Figure 3. Number of articles citing all versions of the WOA/WOD per WoS-defined subject category.

Figure 4 presents an analysis of these citing articles by country. Citing articles by authors from multiple countries are counted as whole citations for each country, rather than fractionally. Creation of the WOA/WOD is an international project in that the WOA/WOD consists of data sets contributed by researchers from numerous countries around the world. Figure 4 suggests that the international nature of its creation is reflected by the international scope of its use. The WOA/WOD is not only highly cited by the traditionally prolific scientific countries such as the United States, France, Germany, and the United Kingdom, but also by rising scientific countries such as China, India, and Brazil. This suggests that although NODC is an institution of the US government, its work to archive, quality control, and freely provide the data comprising the WOA/WOD is useful to the global scientific community.

Figure 4. Number of articles citing all versions of the WOA/WOD per country.
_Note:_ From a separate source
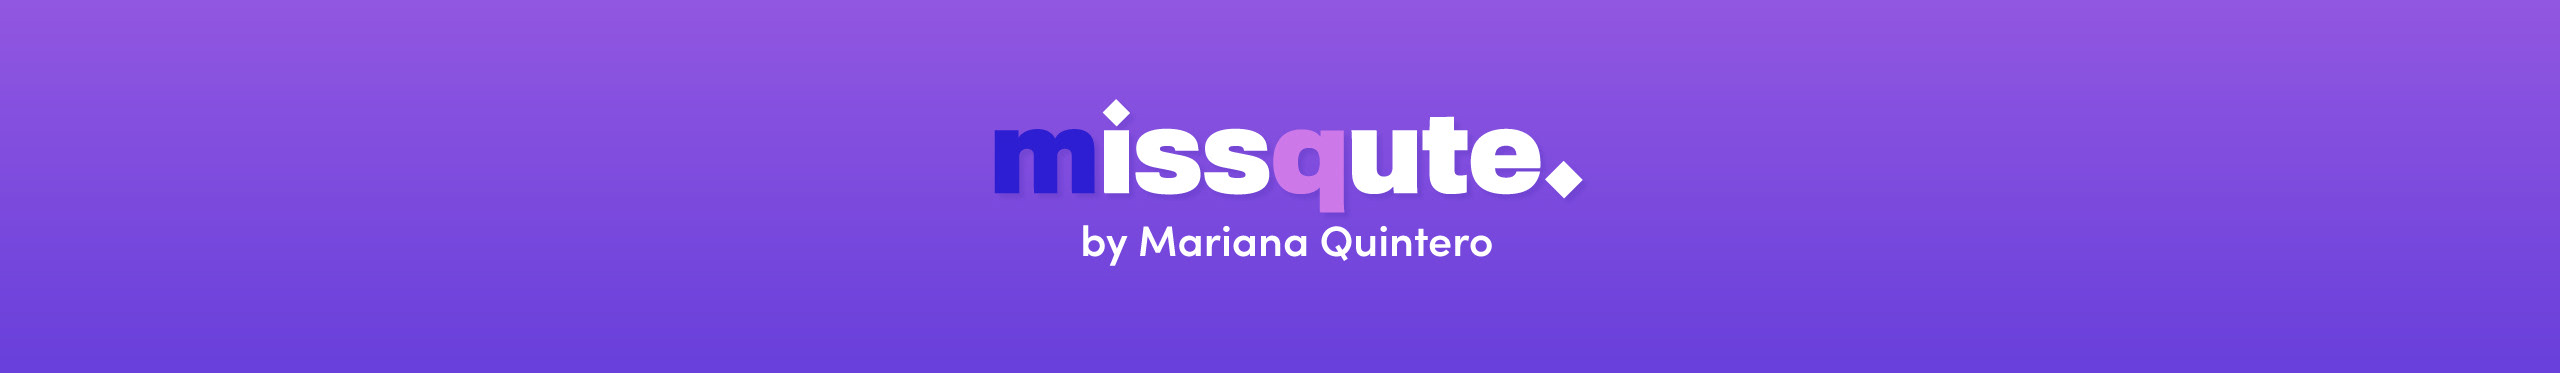 Mariana Quintero's profile banner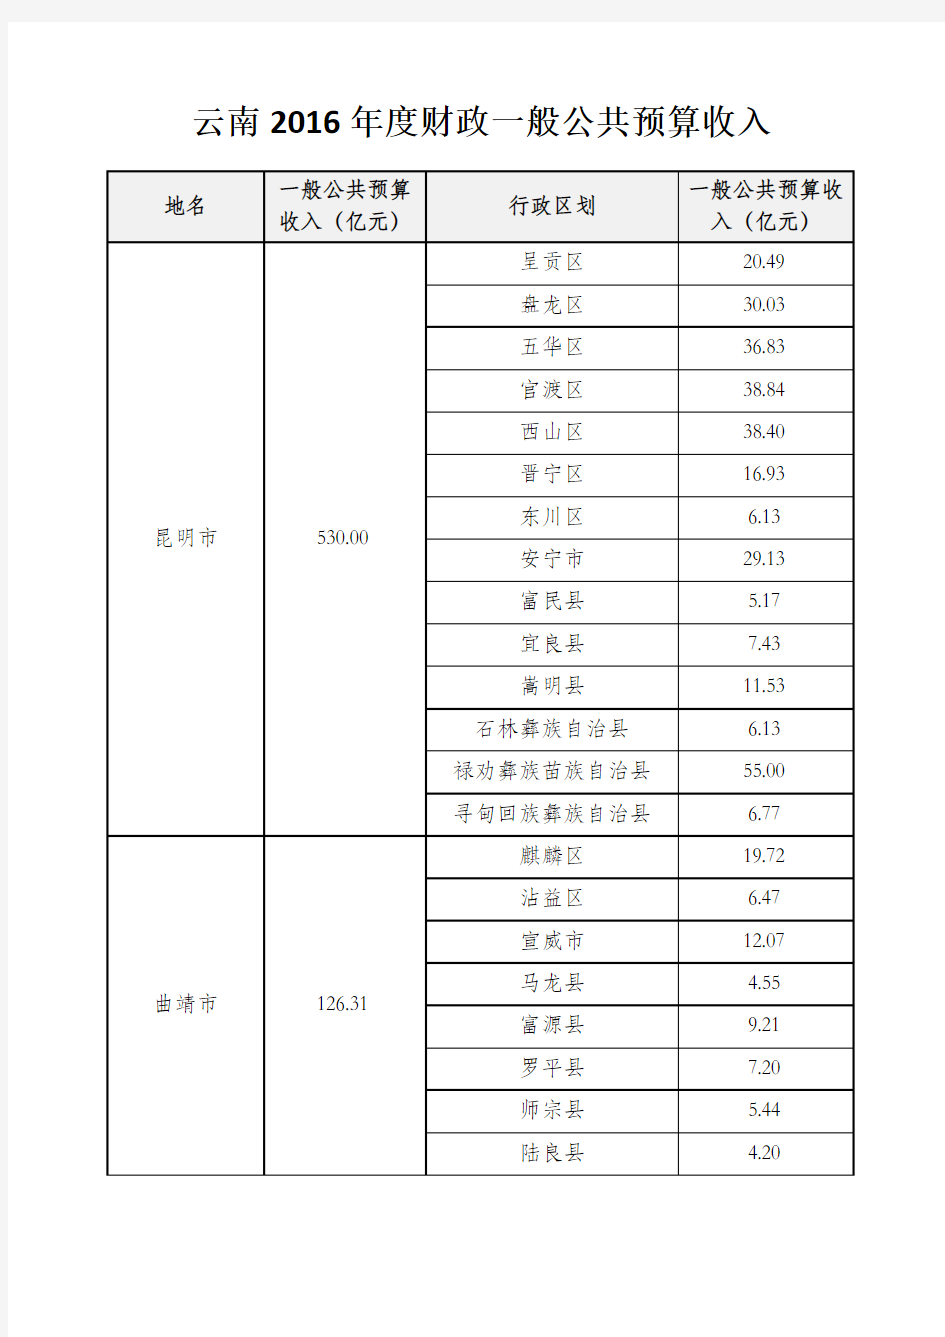 云南县级行政区2016年度一般公共预算收入

Finally, as with phase 1 of this analysis, I find the format of citations to the WOA/WOD to be highly inconsistent. I found 377 variant methods of citing the 1982 version, 305 variants of the 1998 version, 221 variants of the 2001 version, 200 variants of the 2005 version, and 77 variants of the 2009 version, for a total of 1,180 variant methods of citing all versions of the WOA/WOD captured in WoS as of early 2013. See Figure 5 for a sample of the citation variants to the 2005 version. Because I did not attempt to search for erroneous citations (citations to the wrong year of publication, misspelled author names, etc), these figures are likely to underestimate the actual number of variant methods of citing the WOA/WOD in WoS. In addition, since phase 1 of this analysis suggests that articles are more likely to reference data sets in their text than in their cited references lists, the actual number of methods that articles use to refer to the WOA/WOD is likely to be substantially higher than I estimate here.

Figure 5. Variant methods of citing the 2005 version of the WOA/WOD in WoS.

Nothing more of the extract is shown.